The fearful pace quartet disappeared

By Rajadhyax

 

The West Indies were formidable world beaters once upon a time and 15-16 year olds who follow cricket today find it very hard to believe. In the late 1960s, 1970s and some part of 1980s it was considered a major achievement if you could draw a Test match against them. If you won a Test against them, it was cause enough for a major celebration. A series win against the ‘Windies’ meant nothing short of a miracle.

 

This was partly achieved through the contributions of legendary batsmen like Rohan Kanhai, Alvin Kalicharan, Everton Weekes, Clive Lloyd, Viv Richards, Gordon Greenidge and Desmond Haynes and they were ably supported by spinners like Lance Gibbs or the enviable all-rounder Sir. Garfield Sobers. Scratch players like Larry Gomes or Gus Logie played their bit parts as well.
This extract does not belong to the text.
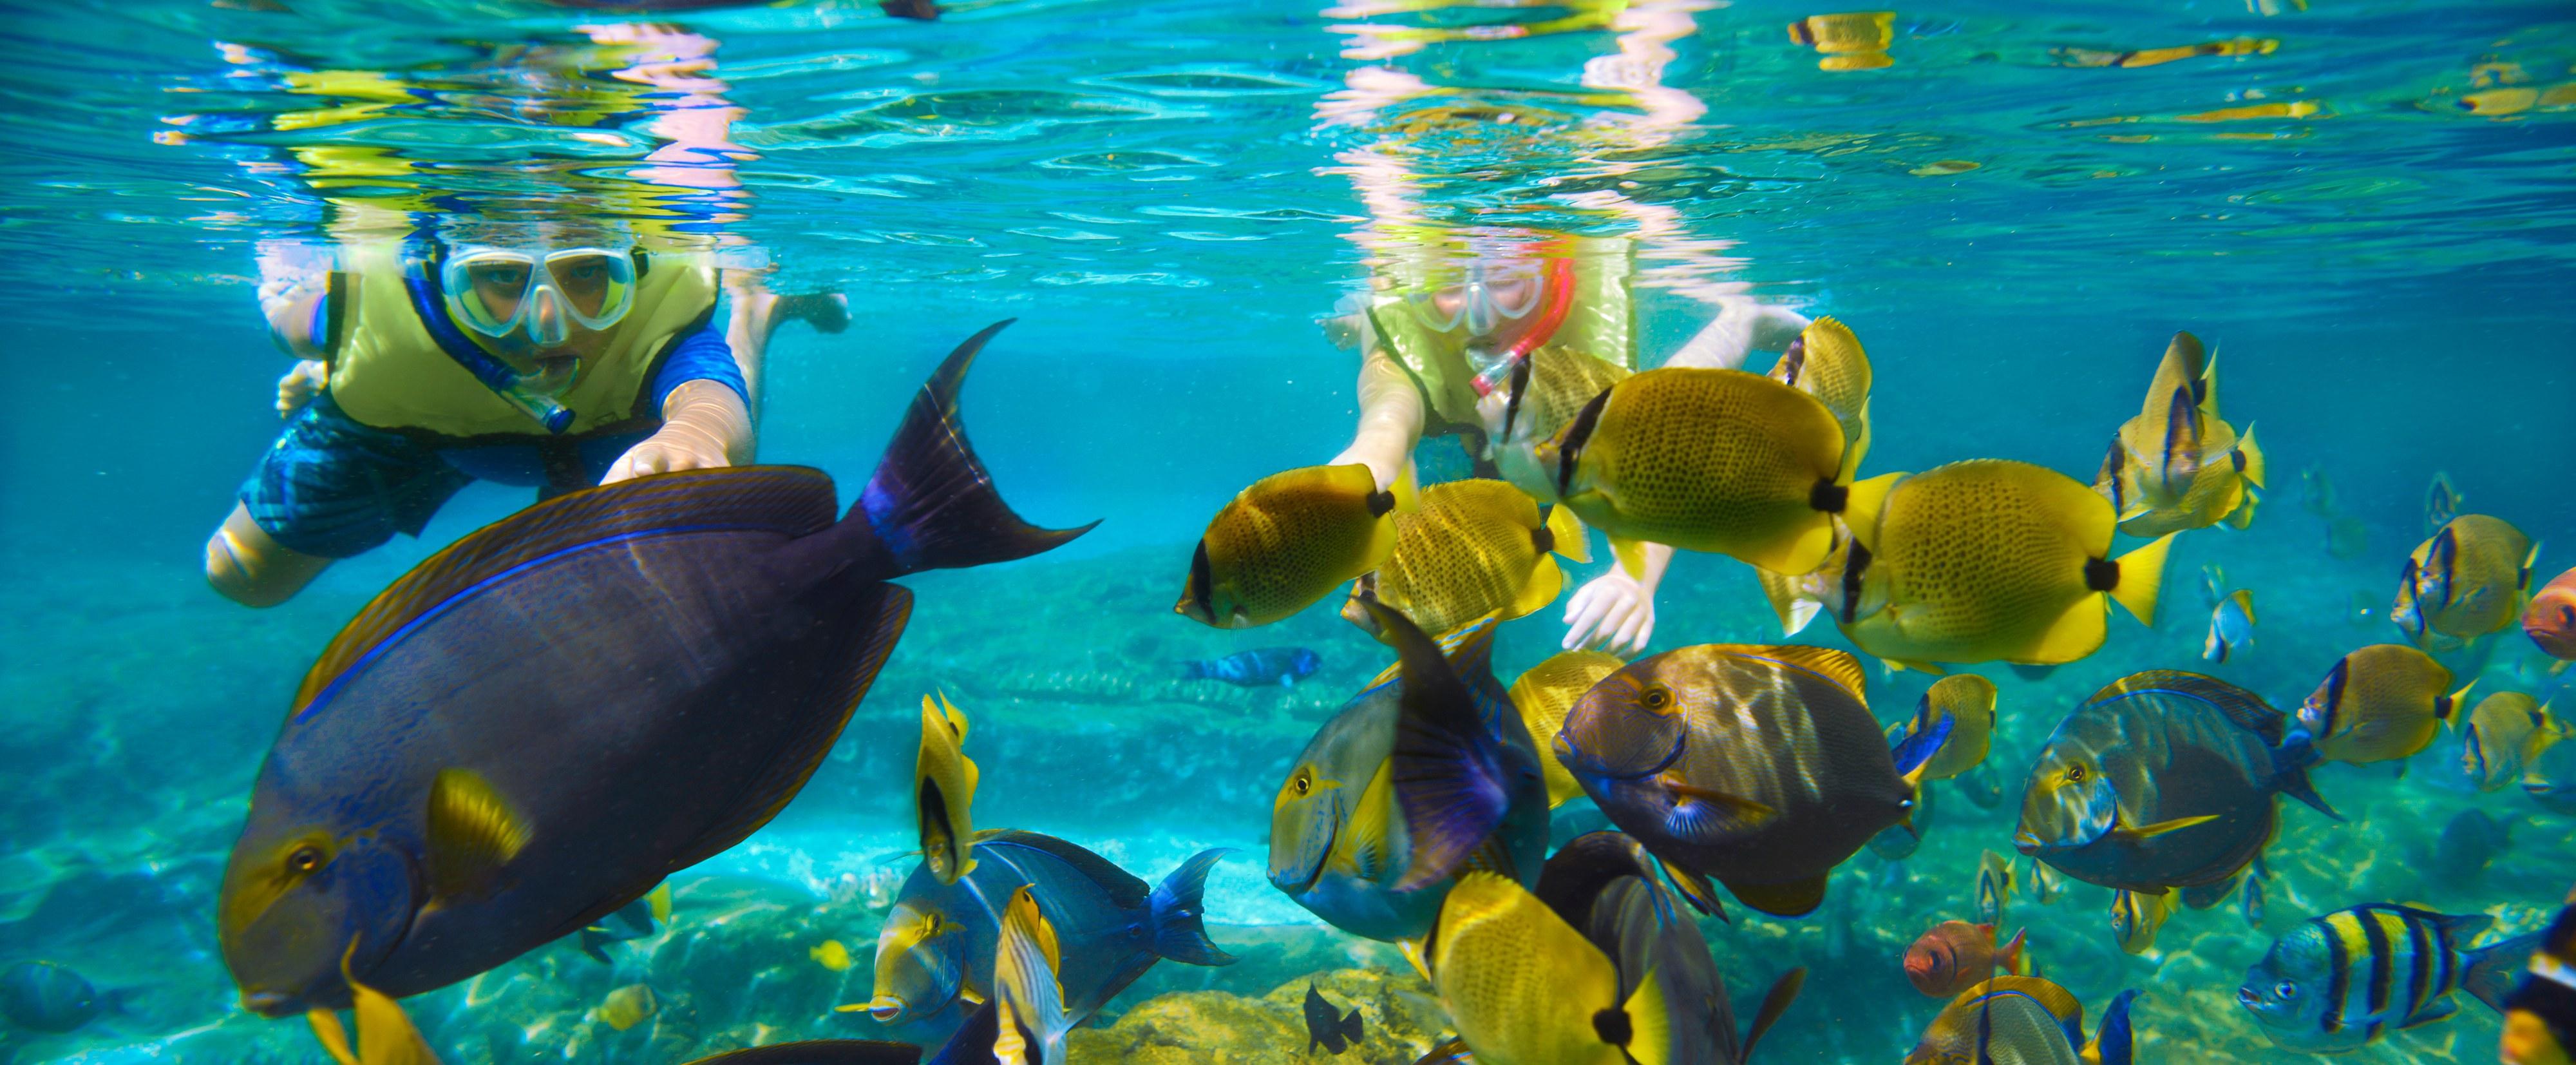 Snorkeling (Source:disney.com)

But above everything else the Caribbean team excelled because of a fearsome pace quartet that they possessed that could instil fear of injury and wicket at the same time in otherwise proficient batsmen. These speedsters were a bane to the world of batsmen!

 

The tradition of a pace battery began way before the 1960s in West Indies, but men like Roy Gilchrist and Wes Hall brought it into limelight. They were some of the earliest West Indians who could intimidate a batsman into a false stroke or compel him to give away his wicket by their sheer pace and bounce. Since their time the Windies never had to search too much for their next rookie paceman who would rise on to become a Test match marauder later. But without doubt the quartet that made the maximum headlines – and also won the maximum matches for the team – was the one comprising of Malcolm Marshall, Joel Garner, Michael Holding and Andy Roberts. Before Marshall that position used to go generally to men like John Holder.

 

During his captaincy Clive Lloyd hardly had to use his brains to prise out wickets. If he thought the batsmen were getting a little used to the bowling of two, he would throw the ball at the remaining two and wickets would tumble anyway. And this could happen in any country since they were not fair-weather cricketers. They were men who never complained about the nature of pitches laid by the groundsman as they could make many batsmen run for their life on most pitches in most conditions.

 

Stumps broke on regular basis and balls flying to three or four slips were a common sight. Even the lists of injuries were relentless, Mike Gatting of England being the last of the bloody ones. Men like Nari Contractor and Anshuman Gaikwad can tell you a thing or two about being injured against these tormentors. So all in all, it was lively pace, bounce and swing that had you back in the pavilion before you could say ‘fast bowler’.

 

Gradually these muscle men slowed down with age and retired in response to creaking bones and weary muscles. The late Malcolm Marshall kept the fire burning even after his three illustrious partners of destruction had left international cricket. The next line of youngsters – like Benjamin or Ian Bishop – were never that consistently quick or lethal to pick up from where the ‘famous four’ had left. Patrick Paterson can be called as the last of such guys who could make batsmen run out of their leg-stump guard effectively offering the wicket on a silver platter. Courtney Walsh and Curtley Ambrose picked up a lot of wickets after Paterson but they never duplicated the level of intimidation of the famous pace quartet, as Walsh would one day confess himself to press.

 

This was also the period from when the Caribbean team weakened. The batting too got frail. A one-off Ritchie Richardson or the genius of Brian Lara also could not save the slump. Teams started to pick wins against them on a regular basis with Steve Waugh’s Aussies even beating them in their own back yard. Today West Indies cricket is in the doldrums and I can feel my sadness when I express this bitter truth. The calypso flair is no longer there! The conflict over renewal of contracts has not yet fully died and the talent too is not up to the mark.

 

But the bad news for cricket lovers (probably a good one for batsmen of the world) being that West Indies no longer have even a single pace bowler with capabilities that come anywhere near Marshall-Holding-Roberts-Garner quartet. In fact, overall in world cricket you don’t find that kind of searing pace with that consistency anywhere now. We rejoice upon seeing one-odd delivery from Lee and Akhtar reaching 95 miles an hour when that quartet were known to bowl 8 to 10 overs on the trot at speeds exceeding 94 and 95 miles an hour. Except an extraordinarily talented man like Sunil Gavaskar or Geoff Boycott, Greg Chappell or Zaheer Abbas, no one could handle them with any degree of confidence – dominating over them was only a distant dream.

 

As I write this article today I grieve that kids in cricket today do not have the opportunity to see the ‘fearsome foursome’ in action, live, bowling to batsmen with fear-shot eyes.